## EXERCISE DATA
[Start of Attachment]

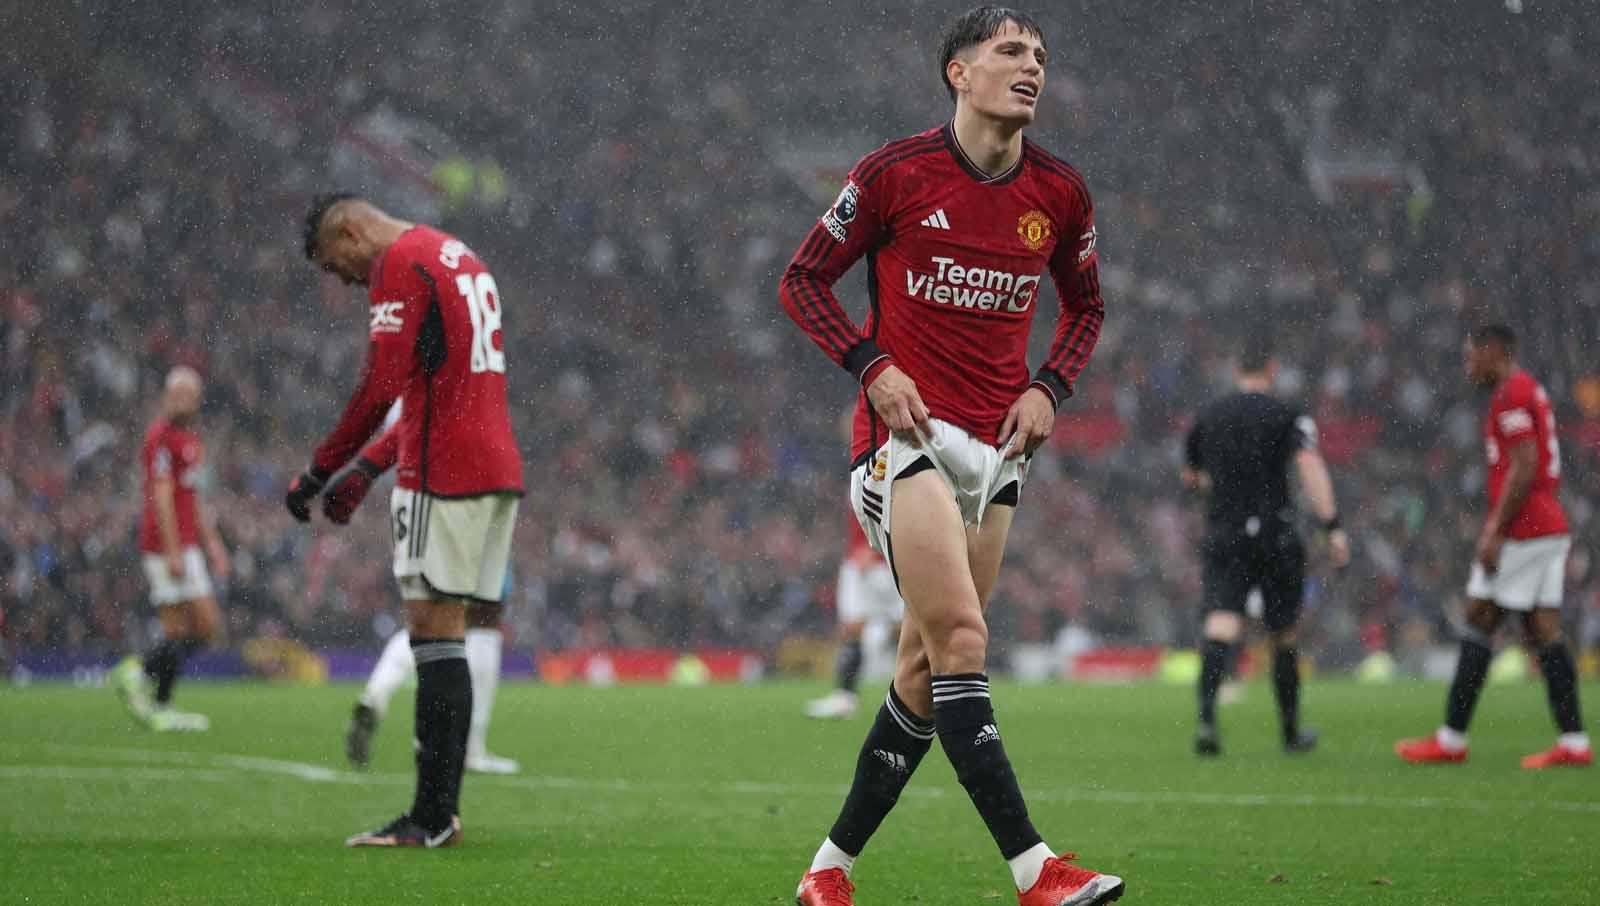 Reaksi pemain Manchester United Alejandro Garnacho terlihat sedih dan kecewa usai timnya kalah dari Crystal Palace di laga Liga Inggris. (Foto: REUTERS/Russell Cheyne)
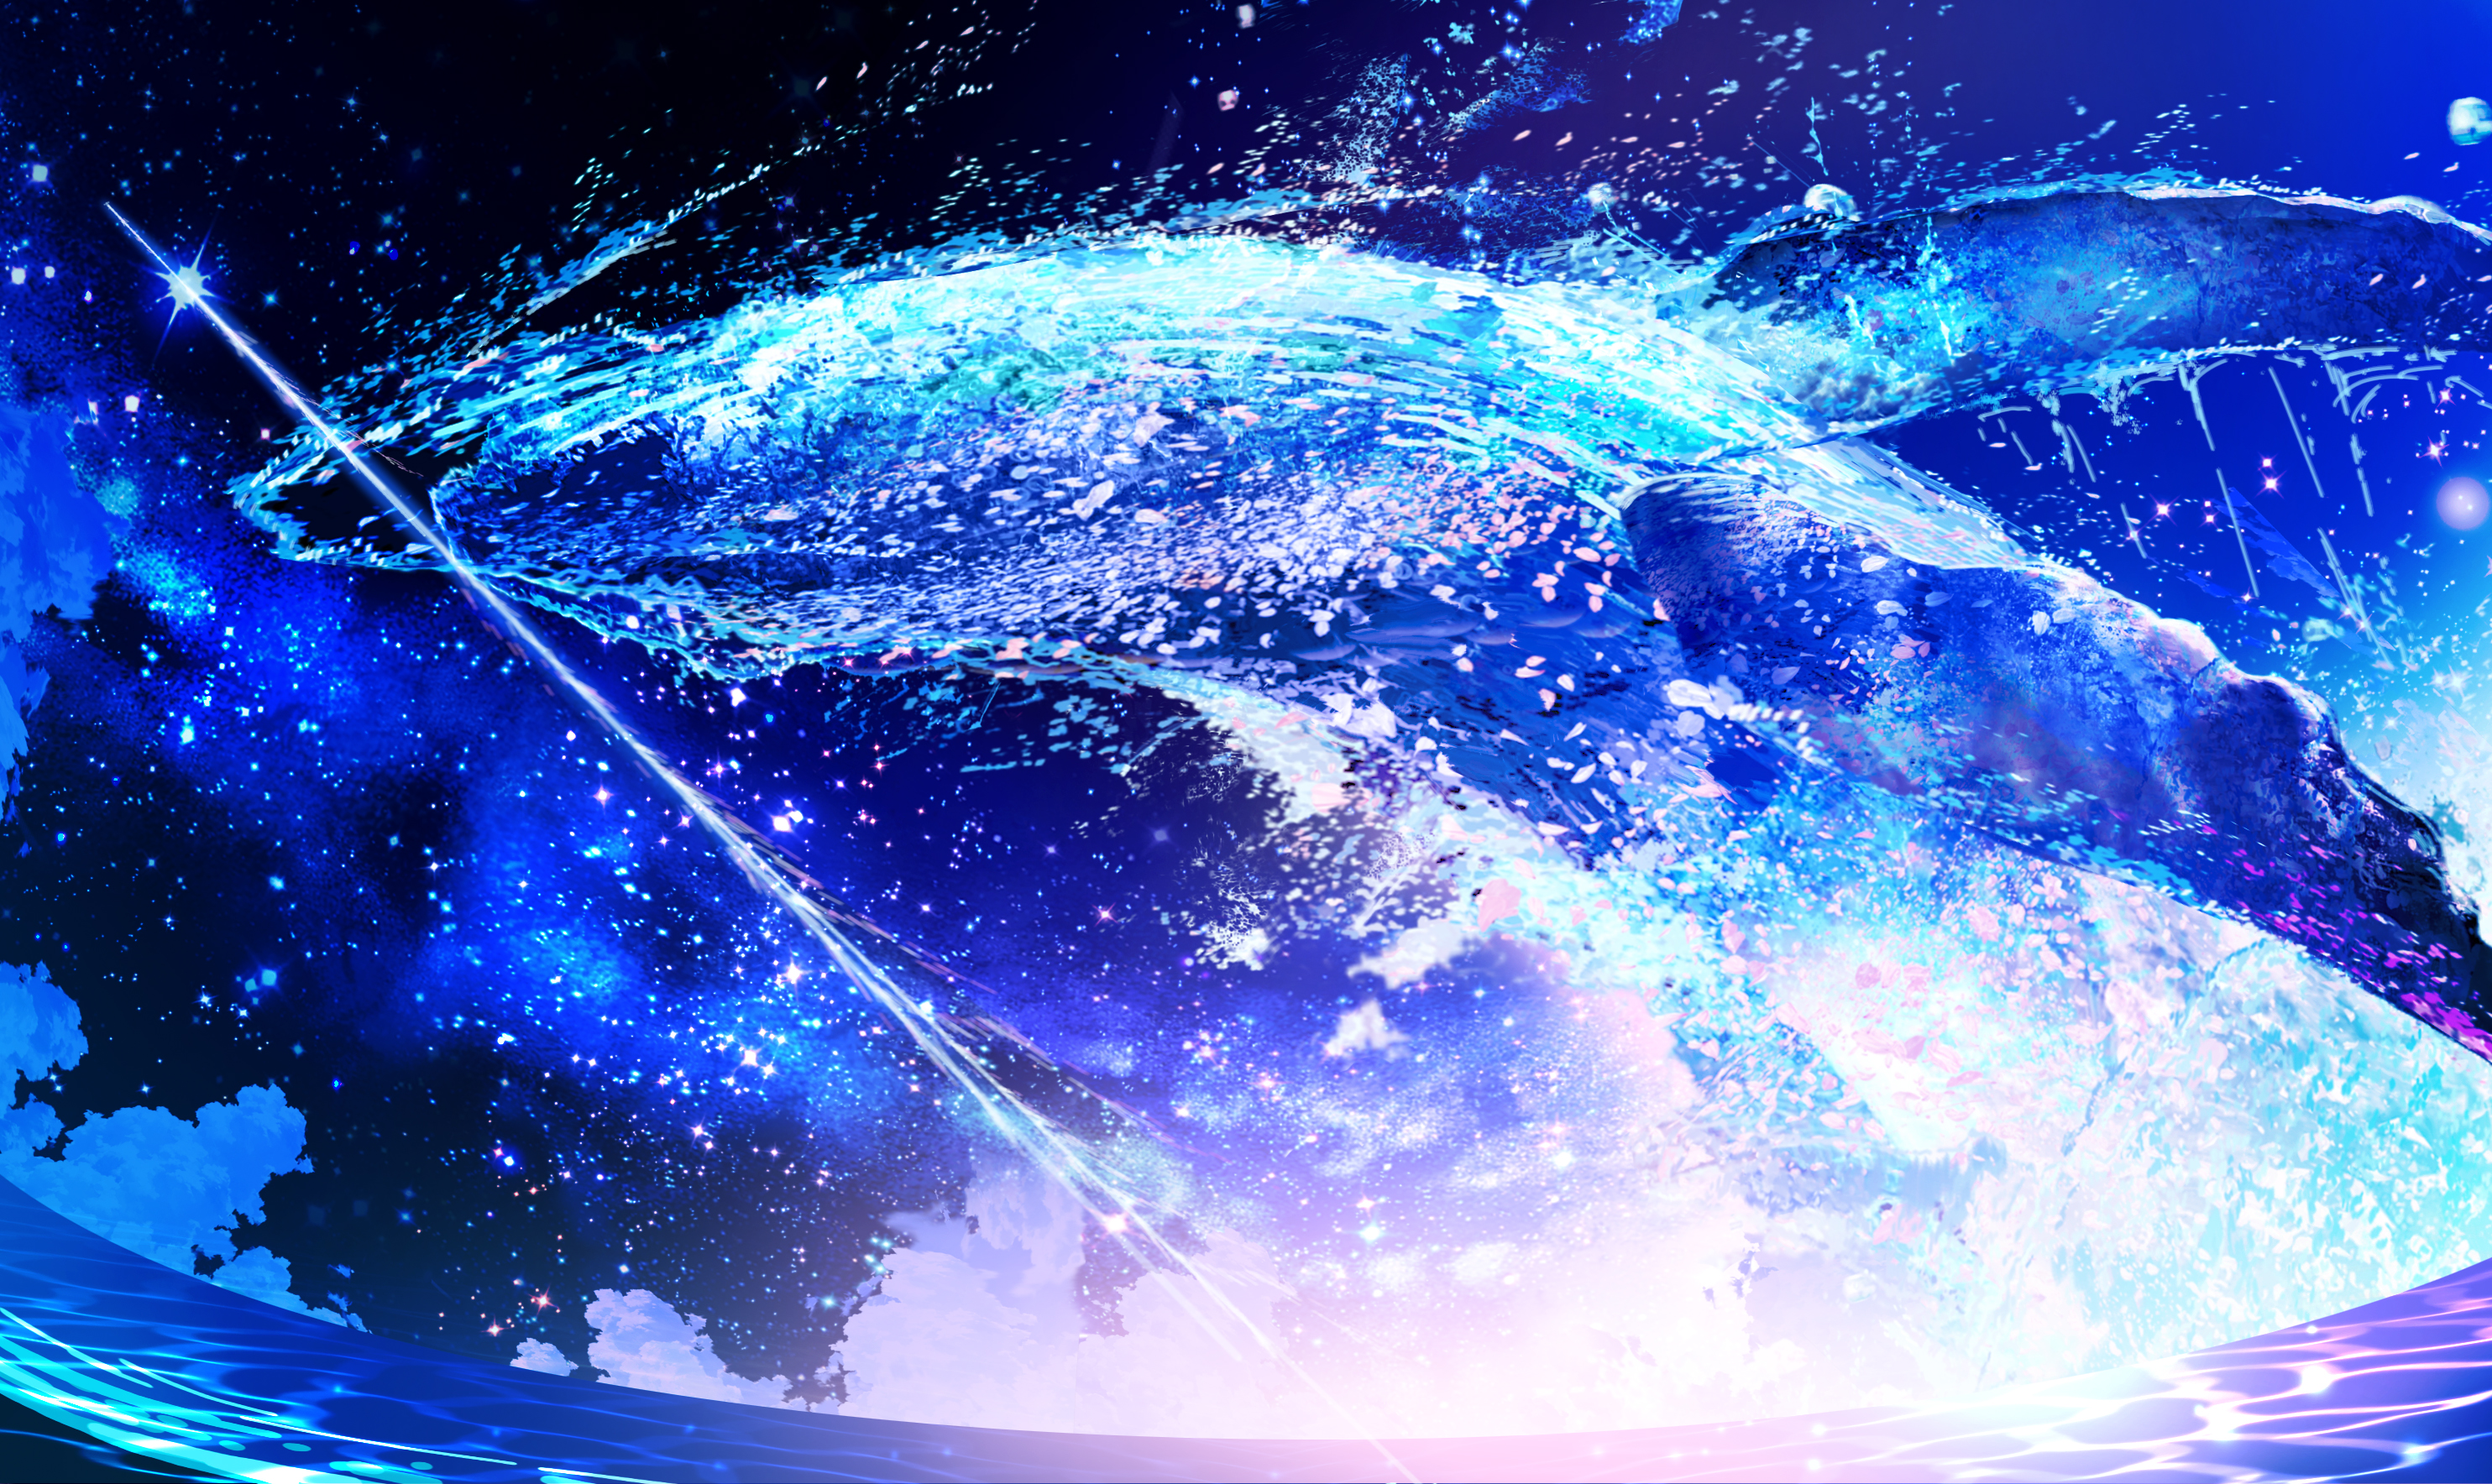 Anime 2968x1768 anime artwork animals whale stars clouds wide screen water makoron117 sky flying whales horizon
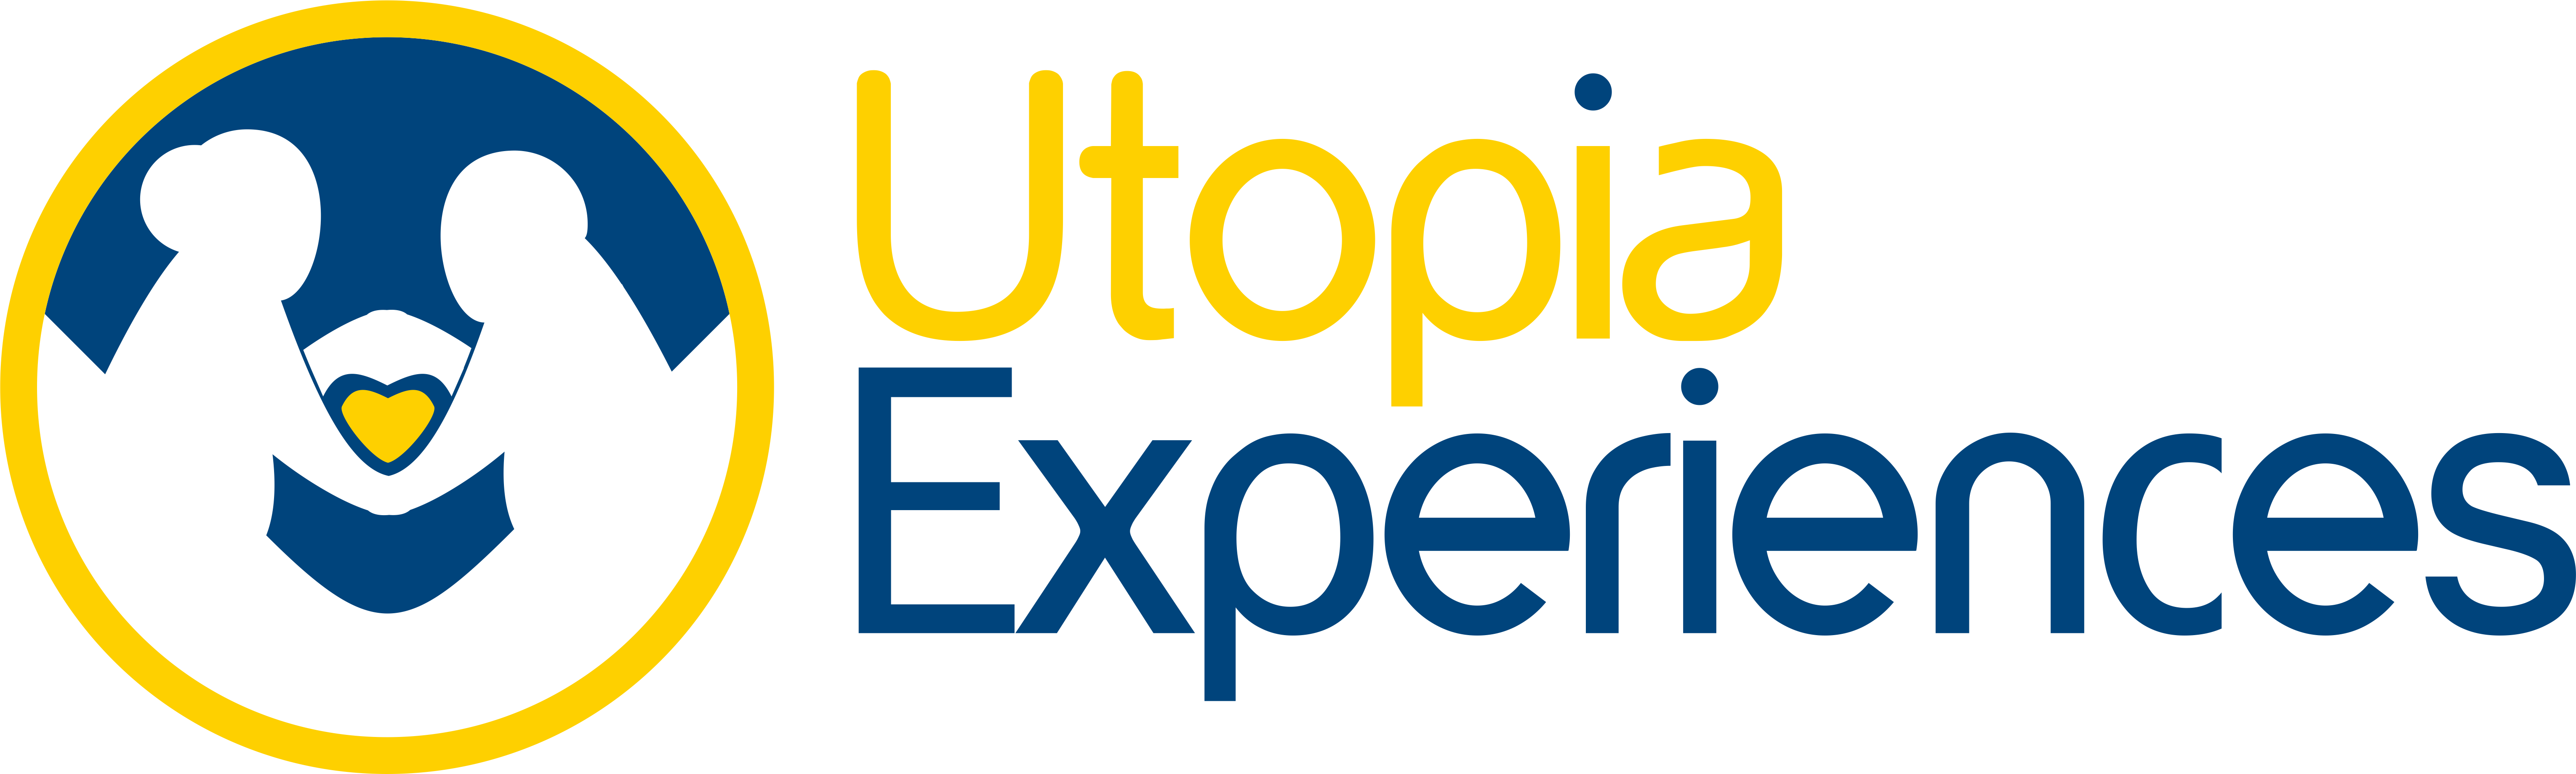 Utopia Experiences colored logo
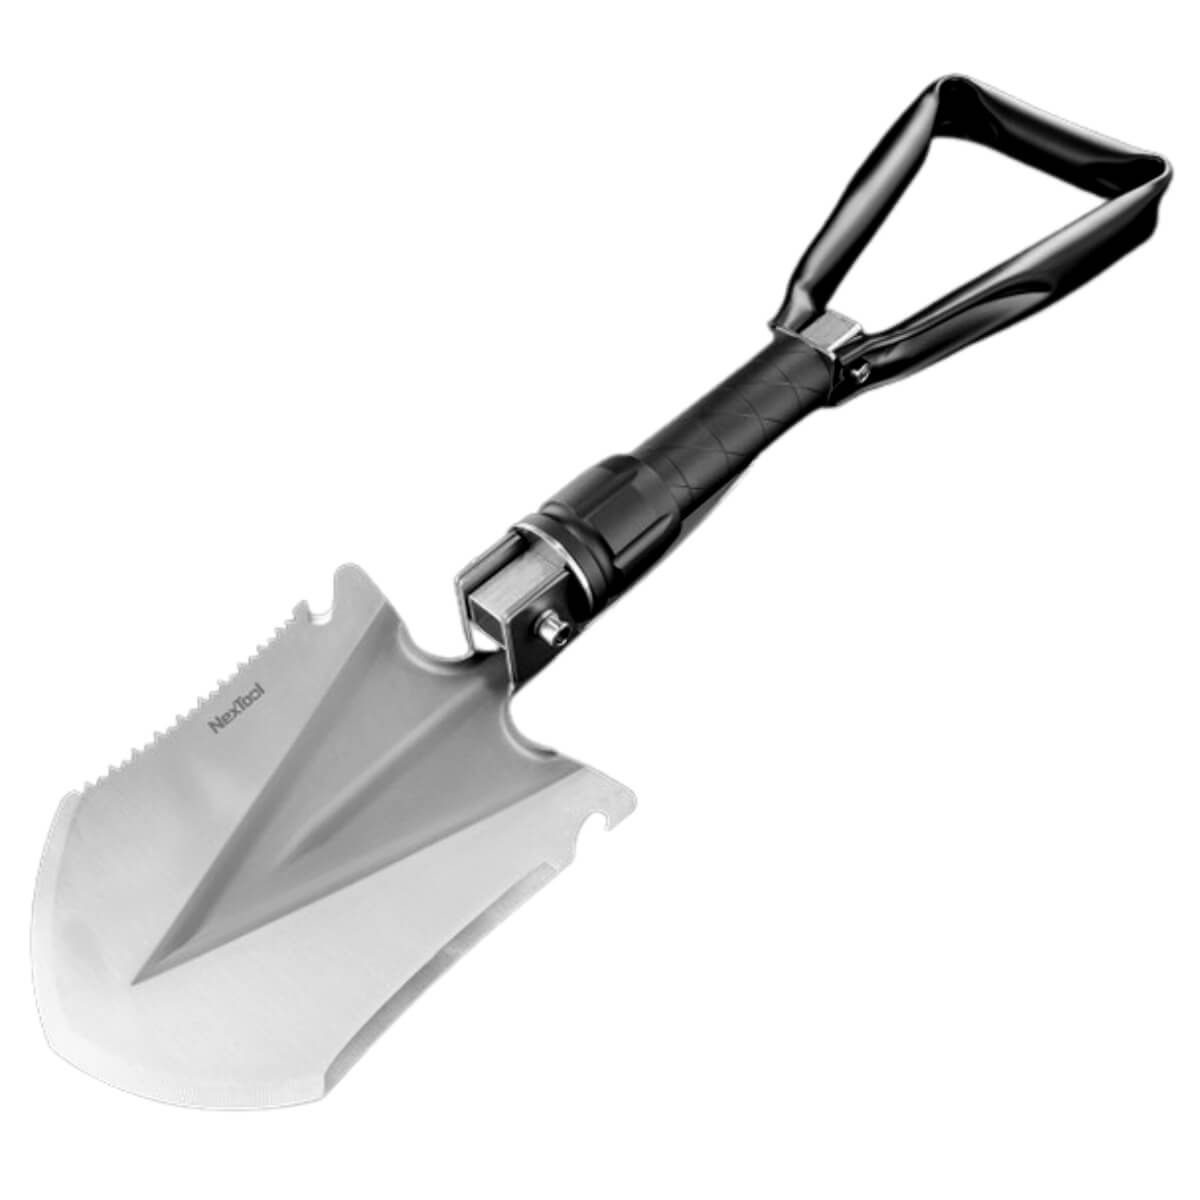 Nextool Folding Shovel

[End of Attachment]

Word for word, reproduce all of the data, but keep out the pictures.

## EXERCISE RESULT
 Reaksi pemain Manchester United Alejandro Garnacho terlihat sedih dan kecewa usai timnya kalah dari Crystal Palace di laga Liga Inggris. (Foto: REUTERS/Russell Cheyne)
 Anime 2968x1768 anime artwork animals whale stars clouds wide screen water makoron117 sky flying whales horizon
 Utopia Experiences colored logo
 Nextool Folding Shovel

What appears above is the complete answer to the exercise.